__PROBLEM TO SOLVE__: In the records below, reproduce exactly the lines from the one containing "20th Century pitch" through the one containing "Flora Heart 750", both included, and omit the pictures.

__DATA FOR THIS EXERCISE__:

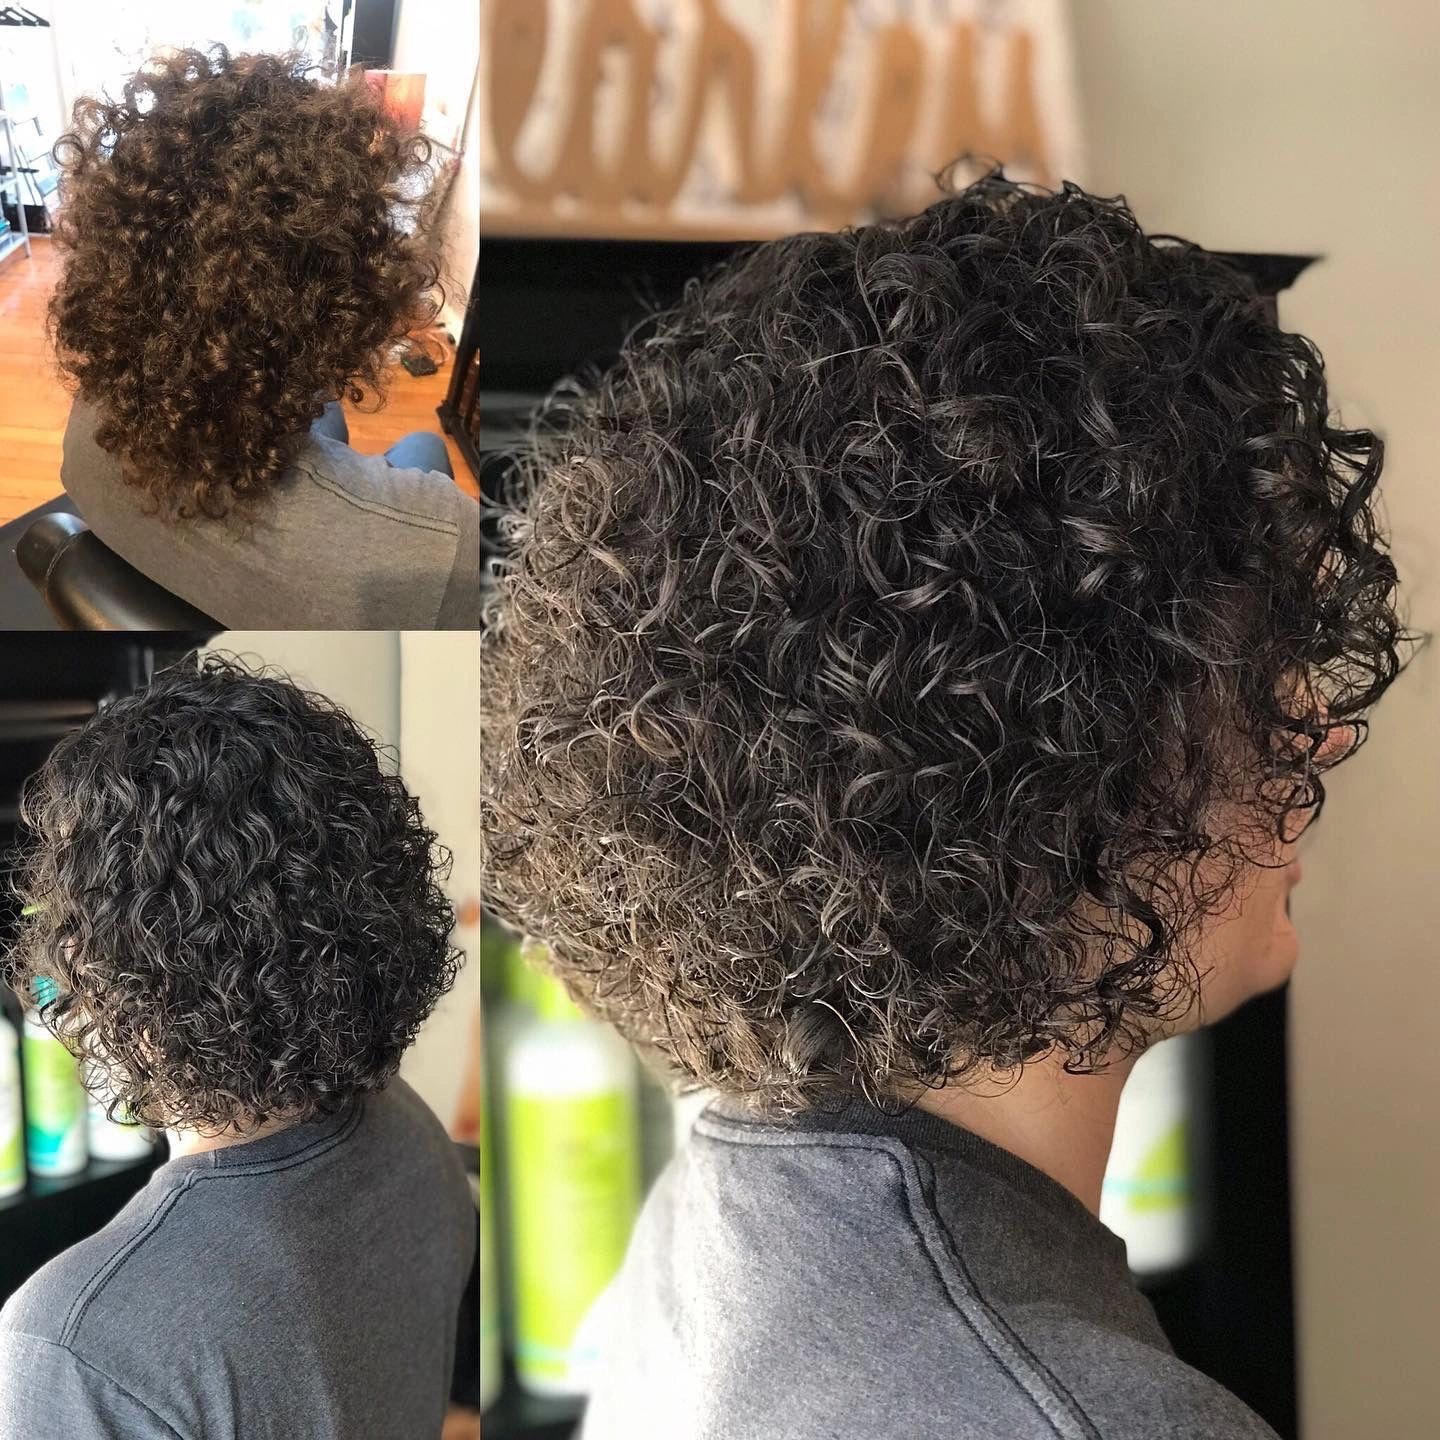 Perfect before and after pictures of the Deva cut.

==

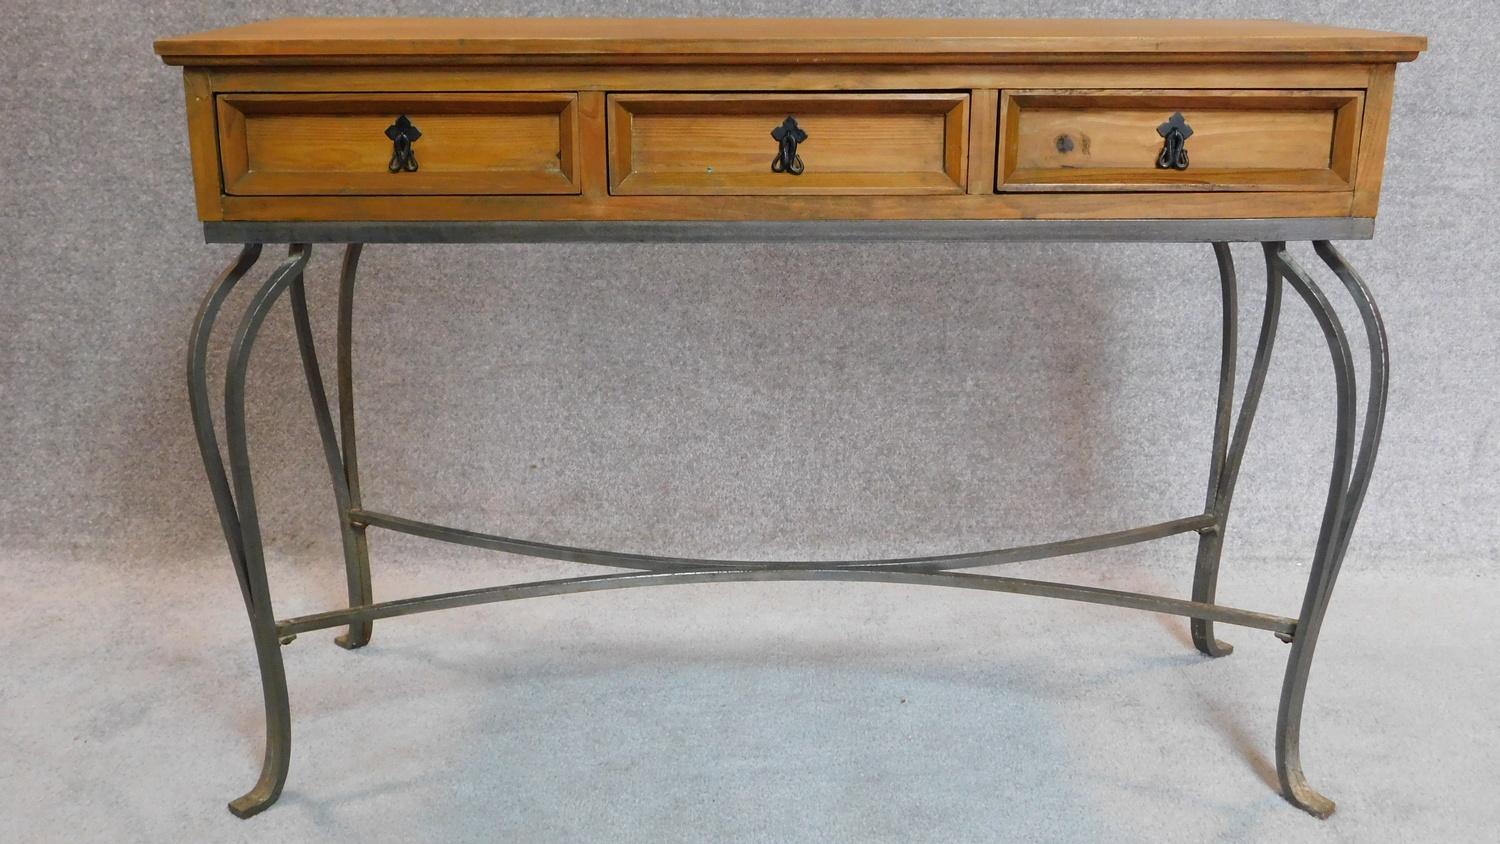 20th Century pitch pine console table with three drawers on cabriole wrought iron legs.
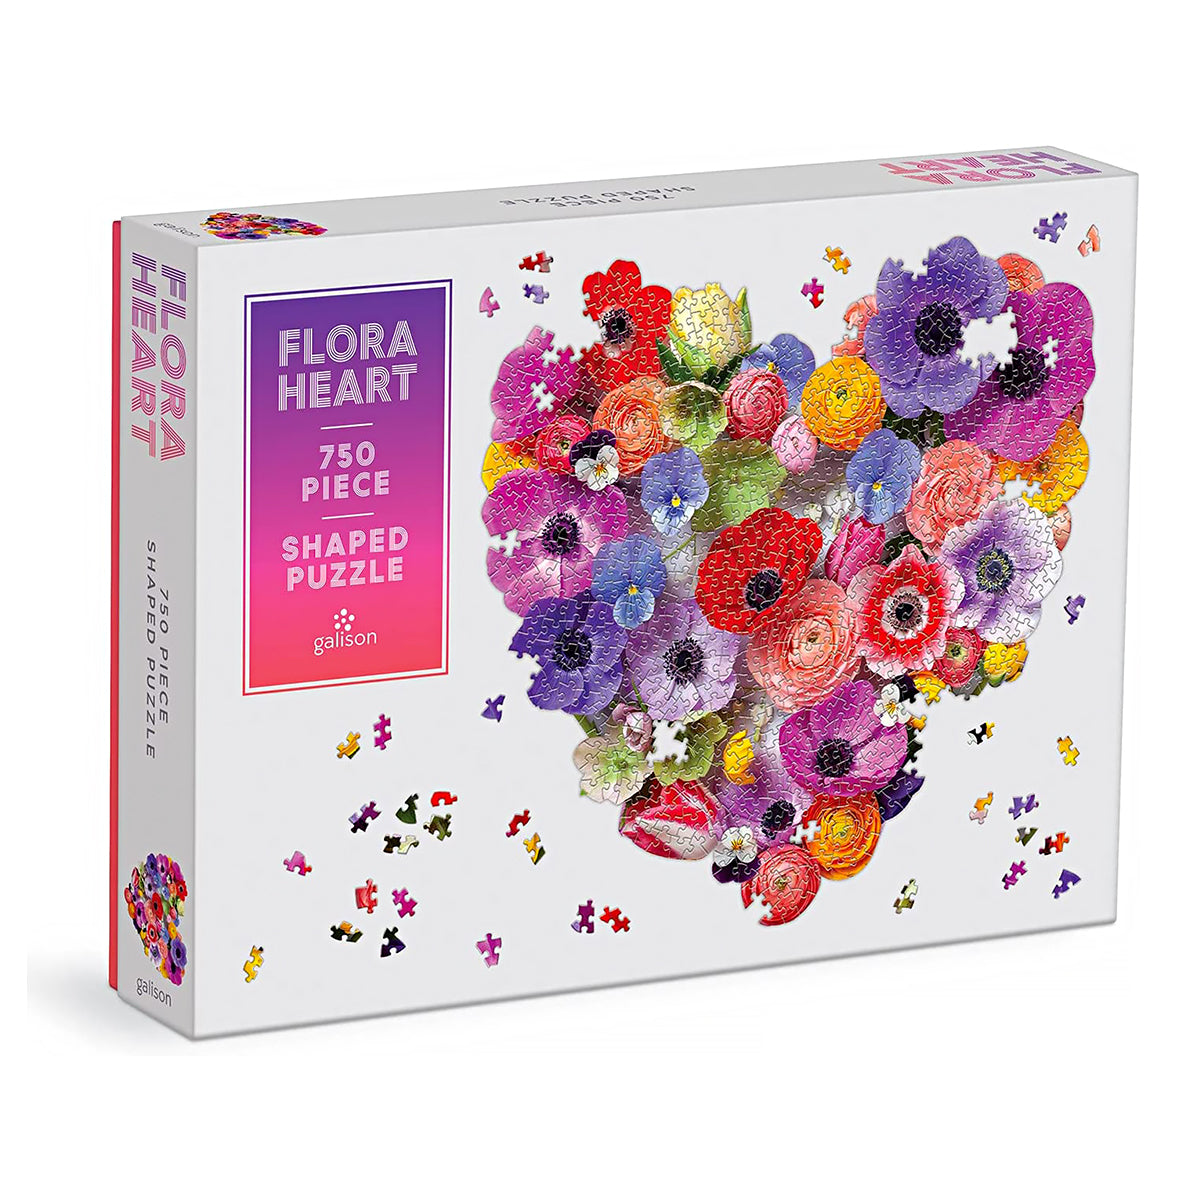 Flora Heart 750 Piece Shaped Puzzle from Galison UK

__EXPECTED OUTPUT__:
 20th Century pitch pine console table with three drawers on cabriole wrought iron legs.
 Flora Heart 750 Piece Shaped Puzzle from Galison UK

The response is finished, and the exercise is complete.